Same here where I live, and I don't spook at open carry nor when I spot a concealed carried gun. I still choose to carry concealed when I do to avoid problems. If I feel brandishing the gun is called for to prevent an attack then I would do so, but I don't feel constantly advertising that I have a gun on me is in my best interest.

I feel the same about "this house protected by a gun" signs. It just makes people want to wait until you aren't home to rob it for the gun. Big stick, walk softly kind of thing, but whatever works for you.
 

fskimospy

Elite Member
Mar 10, 2006
84,036
48,026
136
I really like the last sentence. School shootings are pretty rare, so why muck things up with having a gun around at all. You make a very good point. Still, gun free zones do practically guarantee a shooter that there will be zero armed resistance. So it is hard to say if armed school staff would ultimately help enough to outweigh the improbably but inevitable accidents.

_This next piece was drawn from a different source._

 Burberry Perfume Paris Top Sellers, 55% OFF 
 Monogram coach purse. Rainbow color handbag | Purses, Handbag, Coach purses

I wouldn't mind a teacher being trained as a reserve deputy and then having a locked handgun safe in their room that only they could open. After school the gun could be transferred to a locked carry box and taken off campus, at which point the teacher/deputy could either wear the gun concealed or just keep it in the locked box until they got it home where they would secure it for the night.

In other words, it is possible to have a gun accessible to a trained teacher at a school without a student getting their hands on it. But nobody could guarantee it 100%.

I imagine arming teachers would have similar effects to arming homeowners. While some homeowners certainly put their firearms to good defensive use the overall effect is to increase a gun owner’s odds of death by homicide and suicide through arguments, accidents, etc.

I think it’s easier for people to conceptualize a mass shooting or a home invasion so they put greater value on stopping those than they do in preventing the slow, daily grind of deaths by a million smaller mistakes.